Compactness from Basis

From ProofWiki
Jump to navigation Jump to search


Theorem

Let $\struct {X, \tau}$ be a topological space.

Let $B$ be a basis for $\tau$.


Then the following propositions are equivalent:

\((1)\)   $:$   $\struct {X, \tau}$ is compact.             
\((2)\)   $:$   Every open cover of $X$ by elements of $B$ has a finite subcover.             


Proof

$(1)$ implies $(2)$

This follows immediately from the definition of compactness.

$\Box$


$(2)$ implies $(1)$

Suppose that $(2)$ holds.

Let $\AA$ be an open cover of $X$.

Let $f: \AA \to \powerset B$ map each element of $\AA$ to the set of all elements of $B$ it contains.

Since each element of $\AA$ is open, $A = \bigcup f(A)$ for each $A \in \AA$.

Let $\AA' = \bigcup \map f \AA$.

Then $\AA'$ is an open cover of $X$ consisting solely of elements of $B$.
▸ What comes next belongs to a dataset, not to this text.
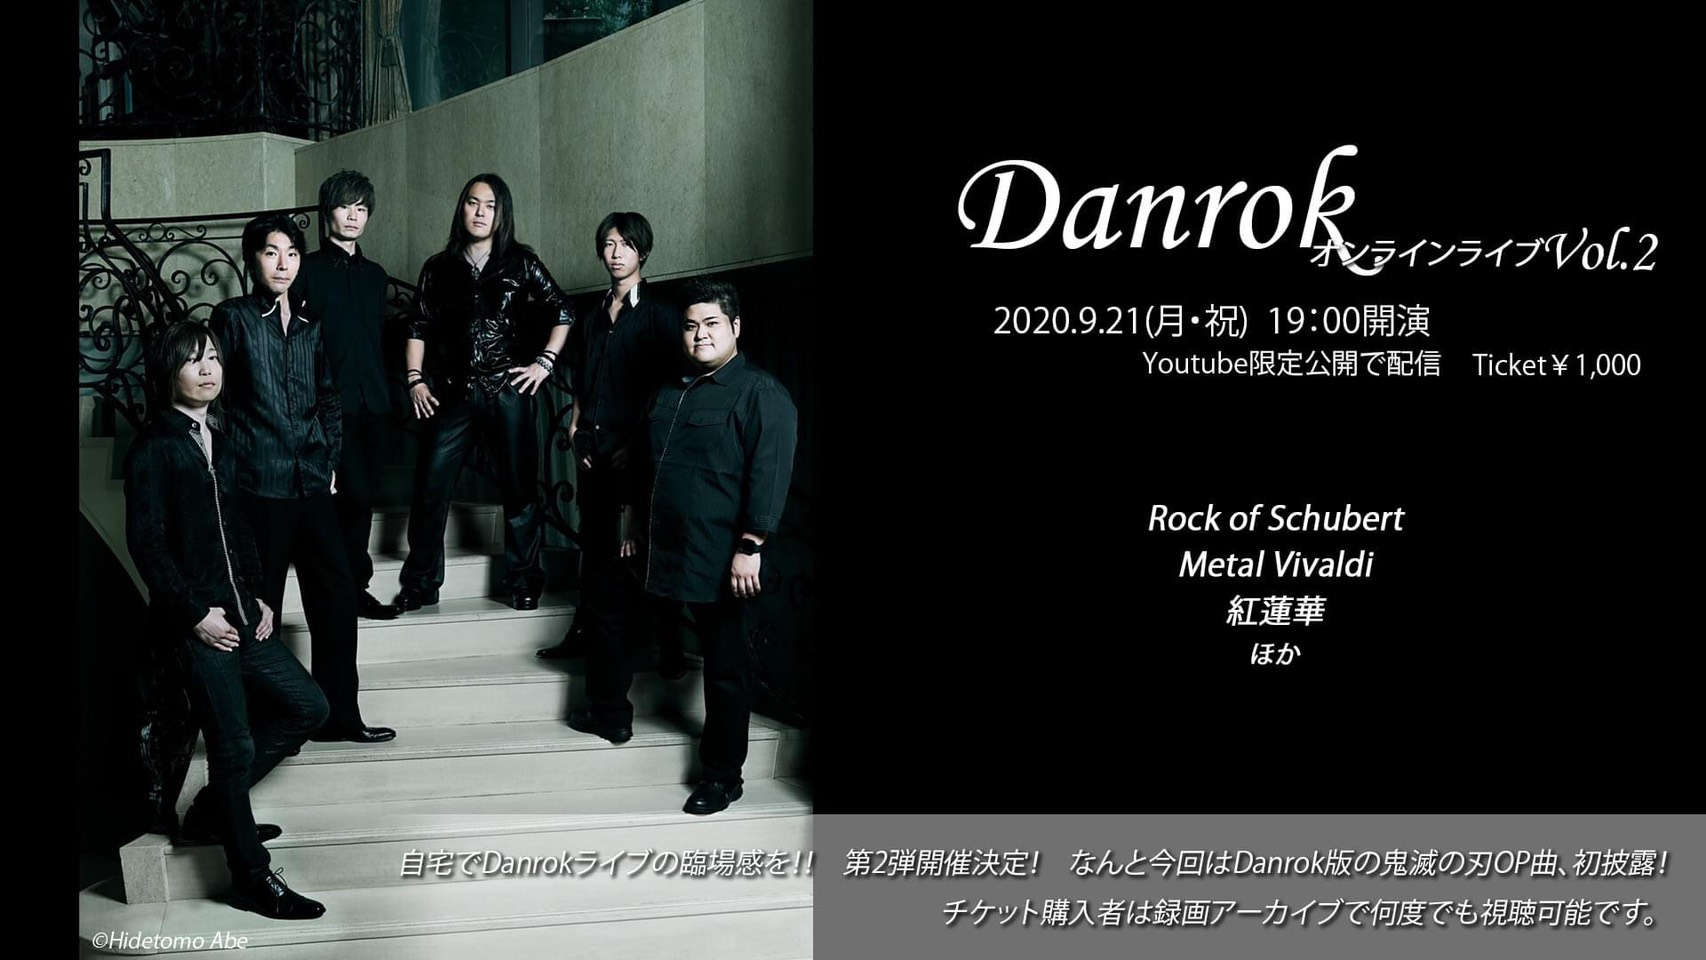 【DANROKオンラインコンサートVol.2】9月21日(月・祝)19時

By the premise, $\AA'$ has a finite subset $\FF'$ that covers $X$.

Let $g: \FF' \to \AA$ map each element of $\FF'$ to an element of $\AA$ containing it.

Note that since $\FF'$ is finite, this does not require the Axiom of Choice.

Let $\FF = \map g {\FF'}$.

Then $\FF$ is a finite subcover of $\AA$.

Since every open cover of $X$ has a finite subcover, $X$ is compact.

$\blacksquare$